Por Hélia Neves Prof. da Faculdade de Medicina de Lisboa – Portugal

Publicação do estudo: Boothby TC et al (2015). Evidence for extensive horizontal gene transfer from the draft genome of a tardigrade. Proc Natl Acad Sci U S A. 112(52):15976-81. doi:10.1073/pnas.1510461112.
Considerada a primeira obra de ficção científica, o romance de Mary Shelley, intitulado “Frankenstein ou o Moderno Prometeu”, relata a história de Victor Frankenstein, um estudante de ciências naturais que, decidido a descobrir os mistérios da criação, constrói um monstro no seu laboratório… Todos conhecemos bem a história dessa criatura… mas hoje gostaria de vos falar de uma outra… igualmente bizarra, mas com capacidades excepcionais, sendo capaz de, por exemplo, suportar pressões de 6 mil atmosferas e uma radiação 1.000 vezes mais intensa que aquela que um ser humano pode suportar!

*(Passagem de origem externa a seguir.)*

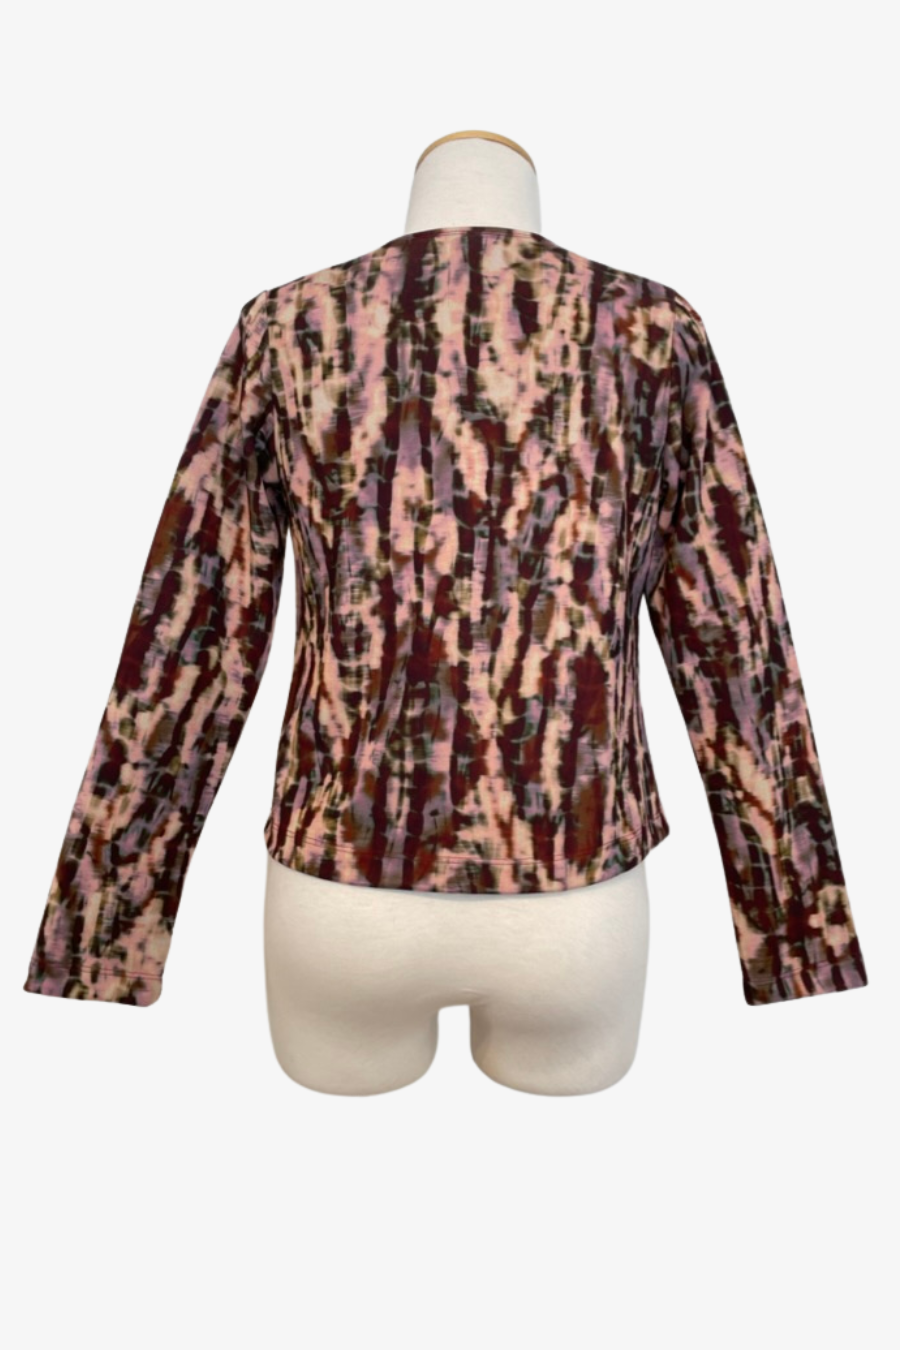 Betz Jacket in Corteccia Print Fabric ONLINE ONLY

Acredita que esta criatura é real, ou será pura fantasia?
Pois espante-se! A criatura que vos falo vive no nosso planeta e é comumente chamada de “urso-d’água”, pertence ao filo Tardigrada, sendo por isso também apelidado de tardígrado. E a sua história vai para lá da nossa imaginação e revela-nos hoje alguns segredos da vida…
O urso-d’agua é um animal de dimensões microscópicas (tem em média pouco mais de 1 mm), vive na água e como já foi referido é extramente resistente. Ele resiste a temperaturas que podem variar entre os 200ºC negativos e os 150ºC positivos (bem acima do ponto de ebulição da água).
Em 2007, os cientistas enviaram estas criaturas bizarras para o espaço, onde foram expostas não apenas ao vácuo, mas também a elevados níveis de radiação. Dos animais enviados, um terço regressou com vida fazendo do urso-d’água, o único animal do planeta Terra capaz de sobreviver de forma autônoma às condições do espaço extraterrestre. E embora estes “pequenos monstros” vivam poucas semanas, eles são capazes de suspender seu metabolismo de maneira reversível, perdendo mais de 95% da água do seu corpo e entrando num estado de criptobiose (ou dormência) durante vários anos. Posteriormente, podem “regressar à vida” revertendo o processo rehidratando o seu corpo. Pelas características descritas, o urso-d’água é considerado um dos seres vivos mais resistente do planeta!
No final do ano de 2015, foi sequenciado, pela primeira vez, o genoma (a sequência de todo o DNA do organismo) do urso-d’água e os “Cientistas descobriram que…” este é tão bizarro como a própria criatura! Nesse estudo, realizado na Universidade da Carolina do Norte, a equipe liderada pelo investigador Bob Goldstein mostrou que no genoma do urso-d’água existe uma grande quantidade de material genético “roubado” de outras espécies (aproximadamente 6.000 genes), correspondendo esse “DNA estranho” a cerca de 1/6 do patrimônio genético total.
O que é então o “DNA estranho”? O termo refere-se a genes que, sendo provenientes de um outro organismo, são integrados no genoma por um processo conhecido como transferência horizontal de genes. Em oposição a esse tipo de transferência, temos a tradicional transferência vertical de genes, que se faz através da reprodução isto é, passando os genes de pais para filhos. A transferência horizontal de gene ocorre ocasionalmente, tanto nos seres humanos como em outros animais, e é responsável por criar aproximadamente 1% genoma da espécie. Assim, os resultados obtidos por esta equipe mostraram que o urso-d’água é o animal com a maior proporção de genes “estranhos” encontrado até a presente data!
Por fim, resta-nos perguntar qual a origem desses genes “estranhos” do urso-d’água? Esse estudo mostrou existir uma origem diversificada dos genes, provindo principalmente de bactérias, mas também de plantas e de fungos, o que levou os investigadores a levantarem a hipótese do material genético “roubado” de outras espécies ser a fonte dos super-poderes dessas extraordinárias criaturas!